Dr. Lamont, however, afterwards raised a process of valuation and sale, in which a proof was allowed, in May, 1795. Before this, two different schemes of locality had been rejected.

In July; 1795, the Lord Ordinary approved of a third scheme of locality, in which the teinds of Dr. Lamont, and other two heritors, was first exhausted, as being free teinds.

In November, 1795, Dr. Lamont obtained a voluntary disposition of his teinds from the Earl of Selkirk, which he produced in the locality, as making him liable in stipend only pari passu with heritors who had previously acquired heritable rights to their teinds.

The Lord Ordinary adhered to his former interlocutor.

Dr. Lamont reclaimed; and

Pleaded: The maxim, pendente lite nihil innovandim, applies only where the interest of the pursuer is affected, and does not prevent the defenders in a process from taking steps to alter their situation inter se. Accordingly, it is a settled point, that a judicial competition of creditors does not prevent them from acquiring preferences by arrestment or adjudication; 18th November, 1779, M’Haffy against Maclellan*; December, 1784, Maconochy against Marshall*; 12th July, 1785, Massey against Smith, No. 73. p. 8377; 22d November, 1785, Grierson against Douglas, Heron, and Company, No. 44. p. 274.; 22d June, 1791, Peirce against Limond. No. 16. p. 244. The same principle must regulate the present case. The Minister, or perhaps, more properly speaking, the titular, is the pursuer in a process of locality. Neither of them has any interest to oppose the present demand; and the heritors in a locality have the same faculty of acquiring

* These two cases not reported; see Appendix.

an heritable right, which the creditors in a judicial ranking have of acquiring preferences by diligence.

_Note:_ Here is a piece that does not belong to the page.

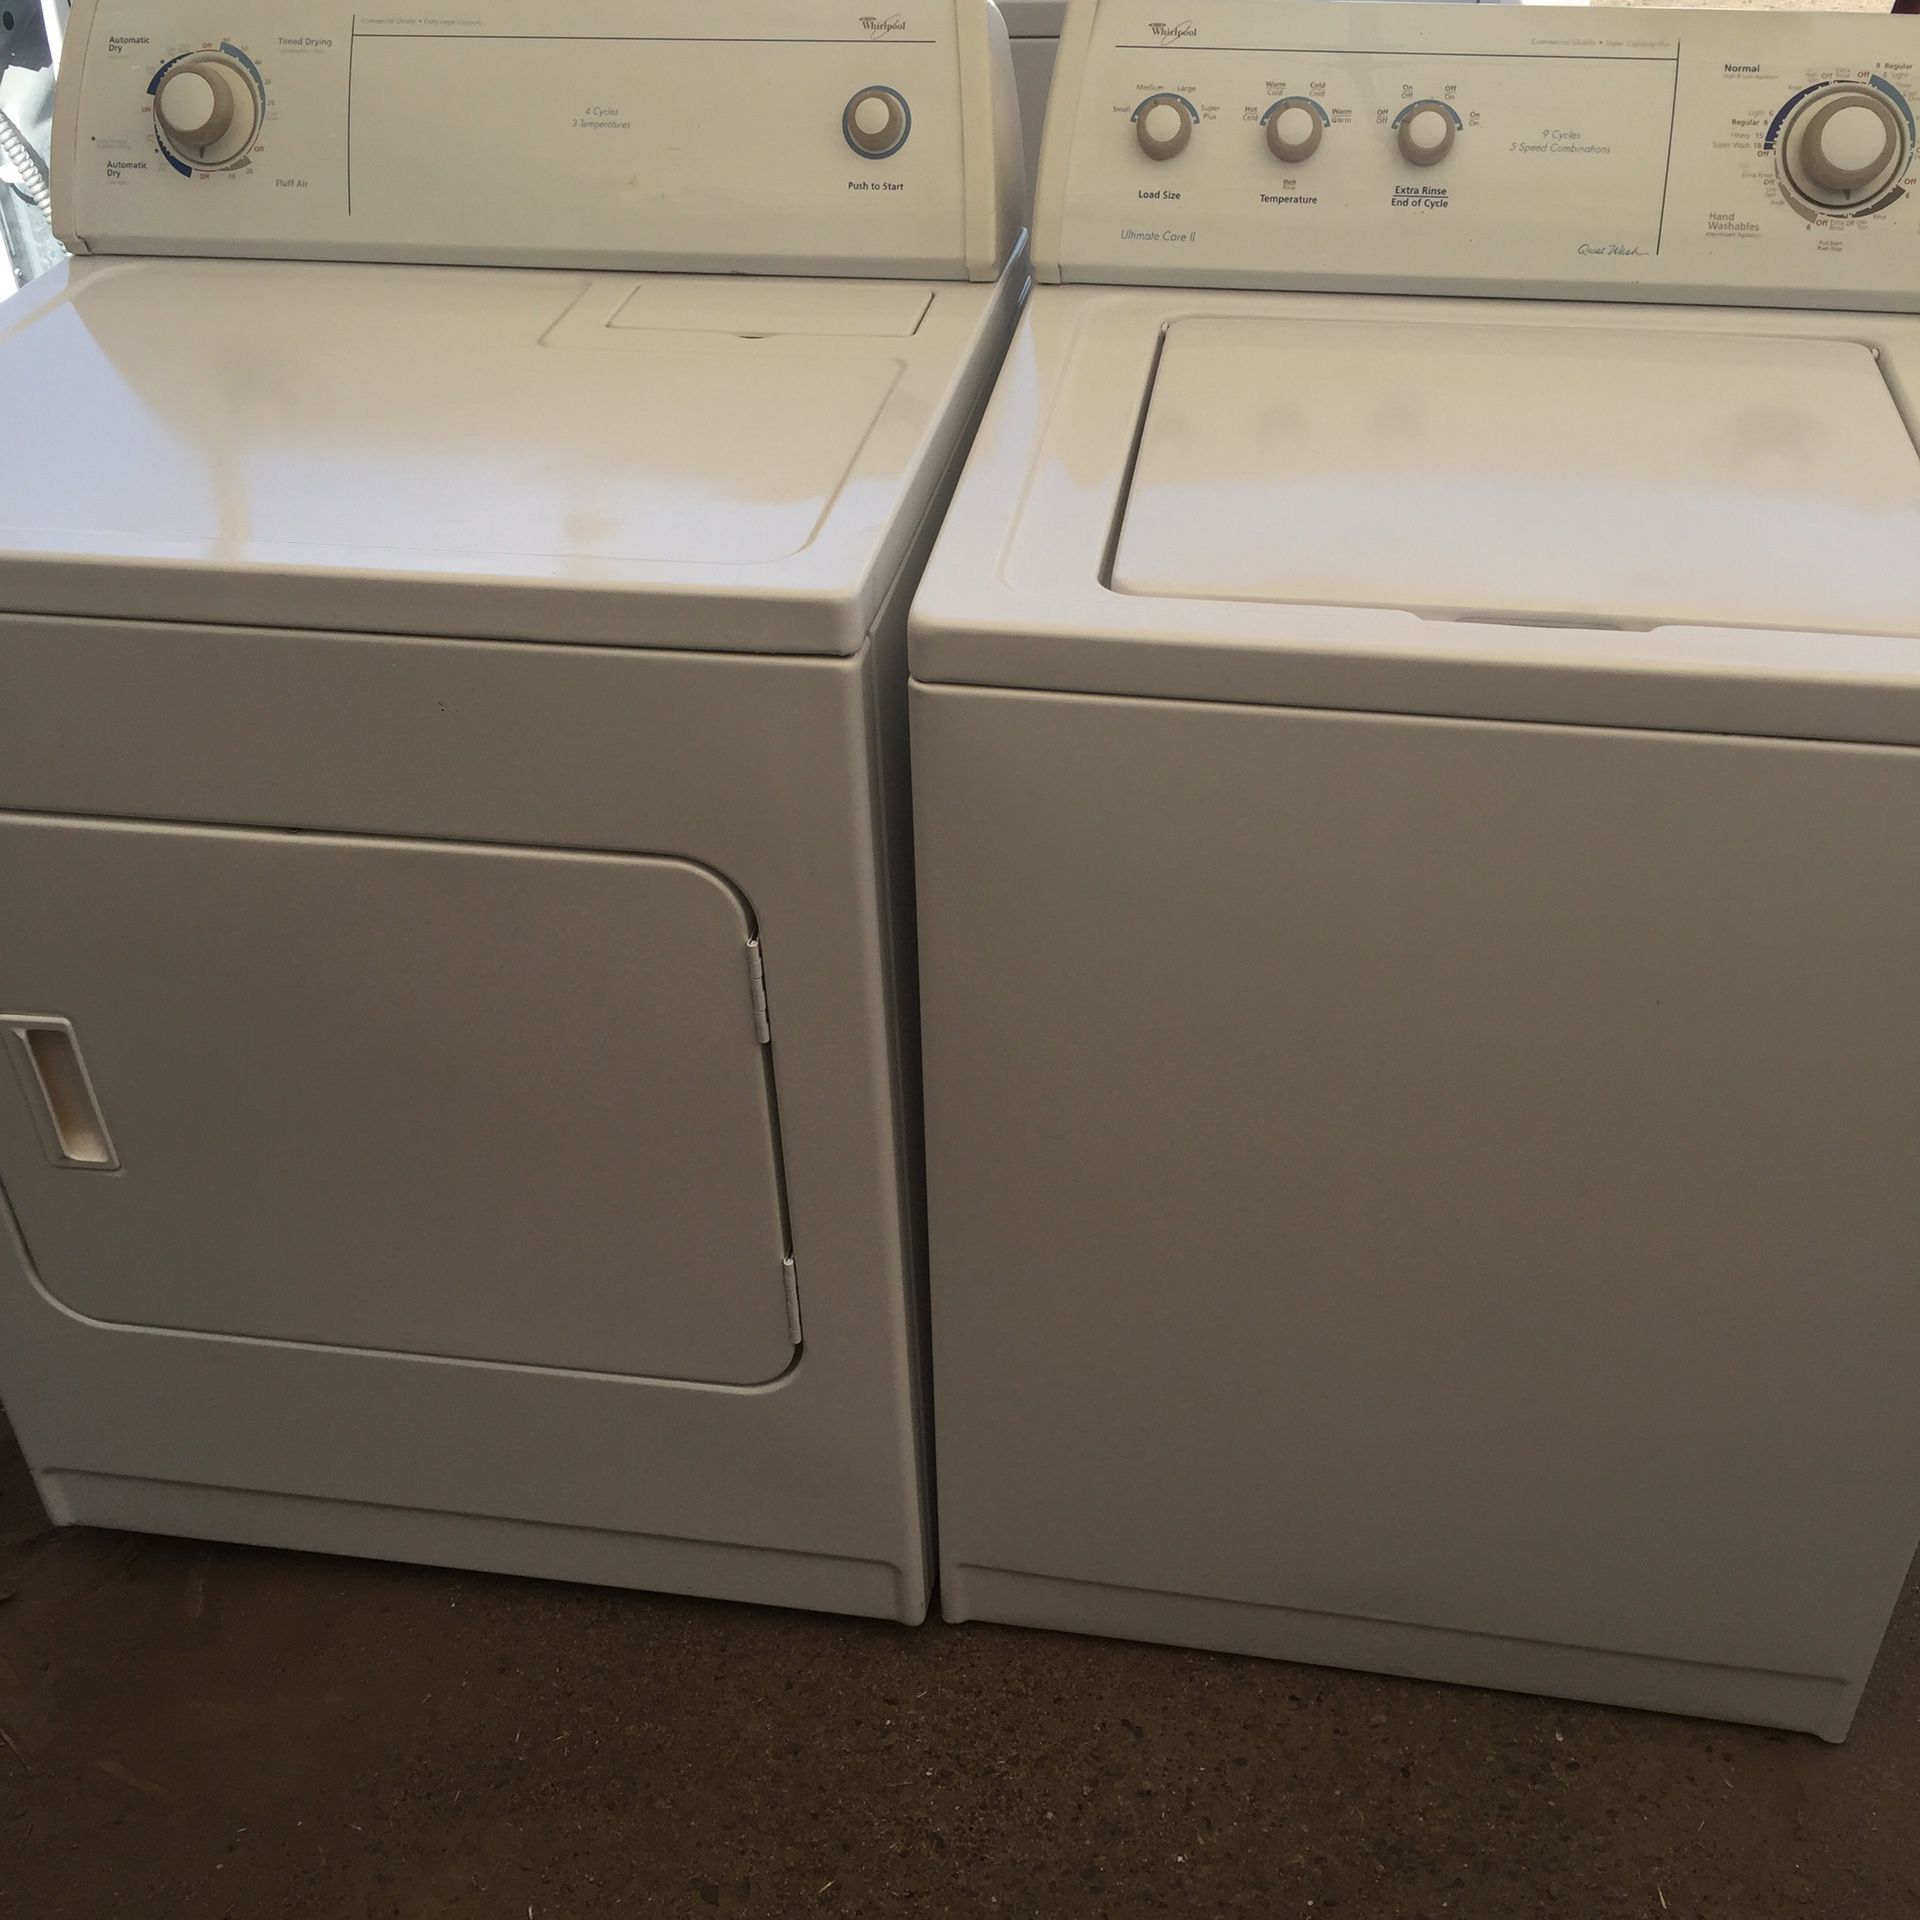 Whirlpool washer and dryer

Answered: A party may take legal steps, pendente lite, for completing a right already vested in him; but he can acquire no new right by which the interest of his competitor may be affected.

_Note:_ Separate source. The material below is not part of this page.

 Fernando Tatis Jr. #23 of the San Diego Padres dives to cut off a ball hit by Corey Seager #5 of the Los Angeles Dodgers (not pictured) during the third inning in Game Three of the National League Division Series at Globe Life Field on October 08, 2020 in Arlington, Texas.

Although the conclusions for modifying the stipend, and that for proportioning it among the heritors, be contained in the summons brought by the Minister, he is, properly speaking, pursuer only in the former, because, provided there be teinde enough in the parish, he has no interest as to the proportion of stipend to be paid by each heritor. In the locality, the titular and heritors are mutually pursuers and defenders; and, therefore, ex concessis, no one can affect the interest of the rest; 18th June, 1783, Sommerville and others, against the Earl of Lauderdale*; 9th July, 1783, Allan, and others, against the Earl of Lauderdale*; 23d February, 1785, Wilson against the Duke of Queensberry*; 20th July, 1785, Herries against Marquis of Annandale*. The opposite doctrine would be attended with much inconvenience. An heritable right so acquired ought, in all events, to have no retrospect; and, therefore, one scheme of locality would be required for the period between the date of the summons of augmentation and that of the heritable right, and another after the latter is obtained; and as different heritors may successively acquire such rights, the duration of localities might be indefinitely protracted.

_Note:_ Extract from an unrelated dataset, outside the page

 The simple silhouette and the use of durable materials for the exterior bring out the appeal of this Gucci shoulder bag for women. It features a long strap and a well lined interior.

Observed by the Court: The object of Dr. Lamont’s action was merely to bring him in pari passu with the heritors having right to their teinds. The titular has no interest in this case; and the heritors can have no proper title to complain.

The Lords (29th June, 1796,) “altered the Lord Ordinary’s interlocutor complained of, and found the petitioner has produced a sufficient heritable right to the teinds of his lands within the parish, to entitle him to be localled upon only pari passu with other heritors having heritable rights.”

A petition against this interlocutor having been followed with answers, the Lords unanimously “adhered.”

Lord Ordinary, Ankerville. For Dr. Lamont, D. Cathcart. Alt. W. Robertson. Fac. Coll. No. 34. p. 78.

* None of these are reported; see Appendix.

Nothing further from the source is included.